Craft a Compelling Cover Letter:Your cover letter is your chance to shine! Use it to explain why you're passionate about the SRE role and how you can help us eliminate operational toil. Keep it concise but impactful.

Showcase Your Achievements:When detailing your experience, focus on measurable outcomes. Did you reduce MTTR or improve efficiency? We love numbers that demonstrate your impact, so don’t hold back!

Apply Through Our Website:We encourage you to apply directly through our website. It’s the best way for us to receive your application and ensures you’re considered for the role. Plus, it’s super easy!

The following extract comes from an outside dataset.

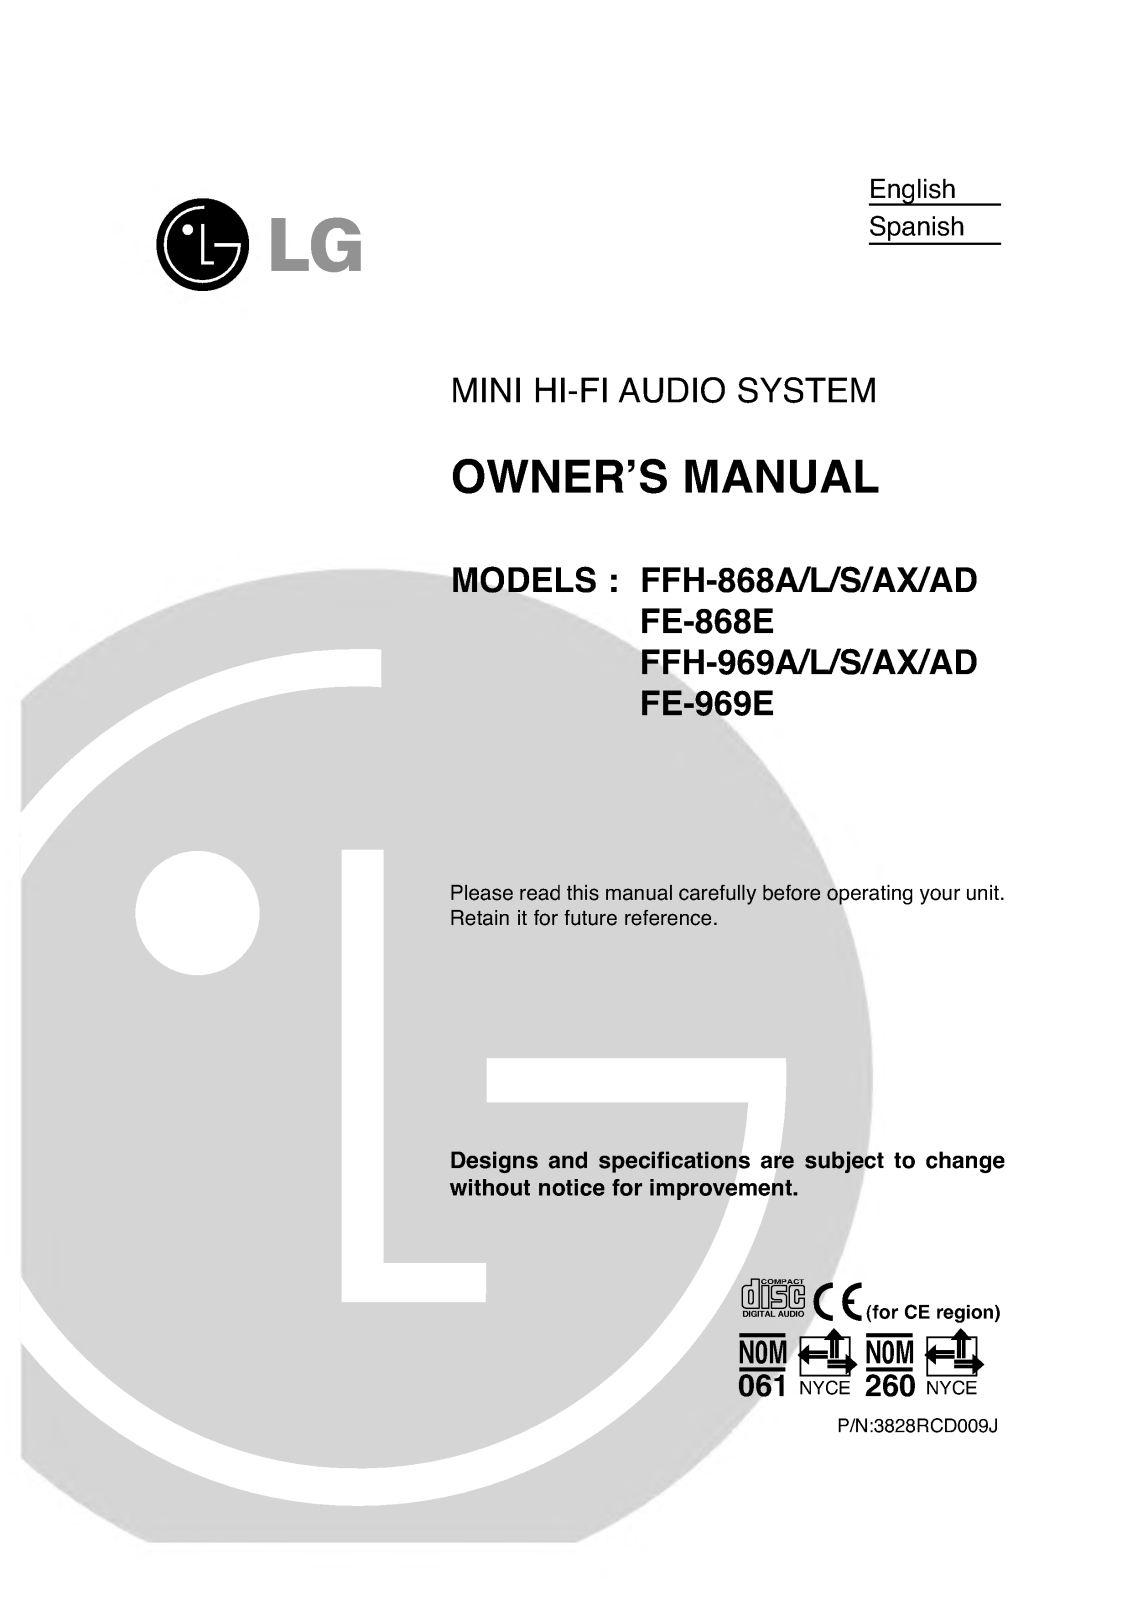 LG FFH-969A User Manual
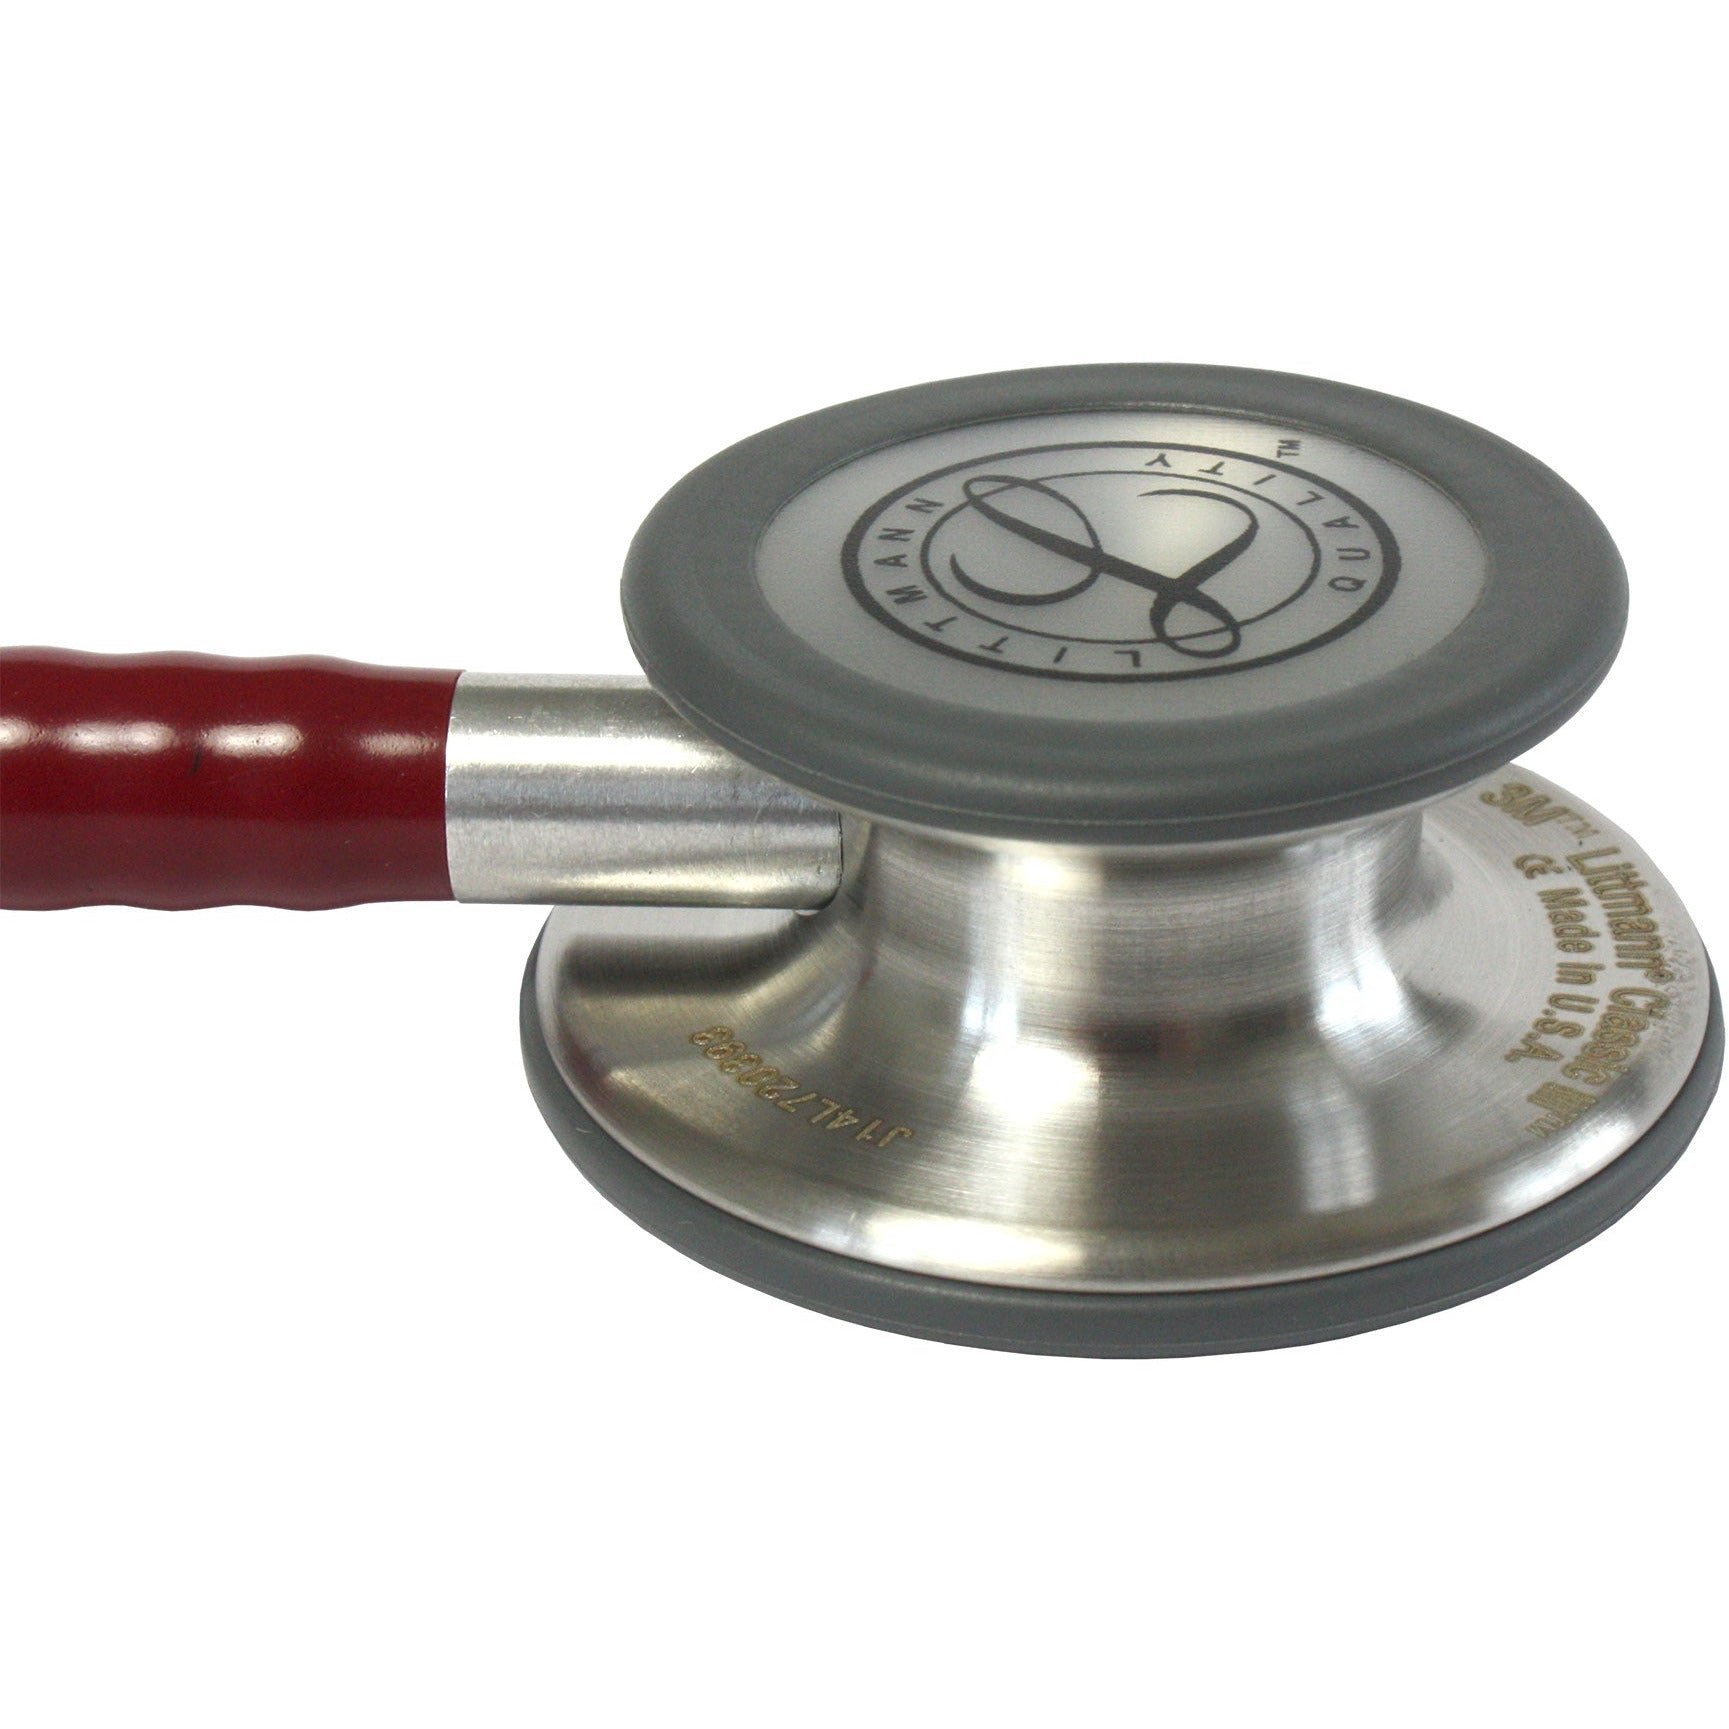 Littmann Classic III Stethoscope: Burgundy 5627 - Student Deal 3M Littmann

How to prepare for a job interview at Cubestech Ltd

Know Your Automation Inside Out

Make sure you can discuss your experience with automation in detail. Be ready to share specific examples of how you've built production-grade automation in Python, and how it has eliminated operational toil. Highlight any measurable impacts you've achieved, like reduced MTTR or alert volume.

Showcase Your Process Re-engineering Skills

Prepare to talk about your approach to process optimisation. Think of instances where you've mapped out current operations and redesigned them for efficiency. Bring along examples of standardised workflows or runbooks you've created that have made a real difference.

Demonstrate Your Agentic AI Experience

Be ready to explain your experience with agentic AI and how you've implemented workflows that take action autonomously. Discuss the tools you've integrated and the controls you've put in place, such as human-in-the-loop approvals and measurable outcomes.

Familiarise Yourself with the Banking/Finance Sector

If you have experience in the banking or finance market risk domains, make sure to highlight it. If not, do some research on the sector and be prepared to discuss how your skills can translate into this environment, especially regarding distributed systems and mixed estates.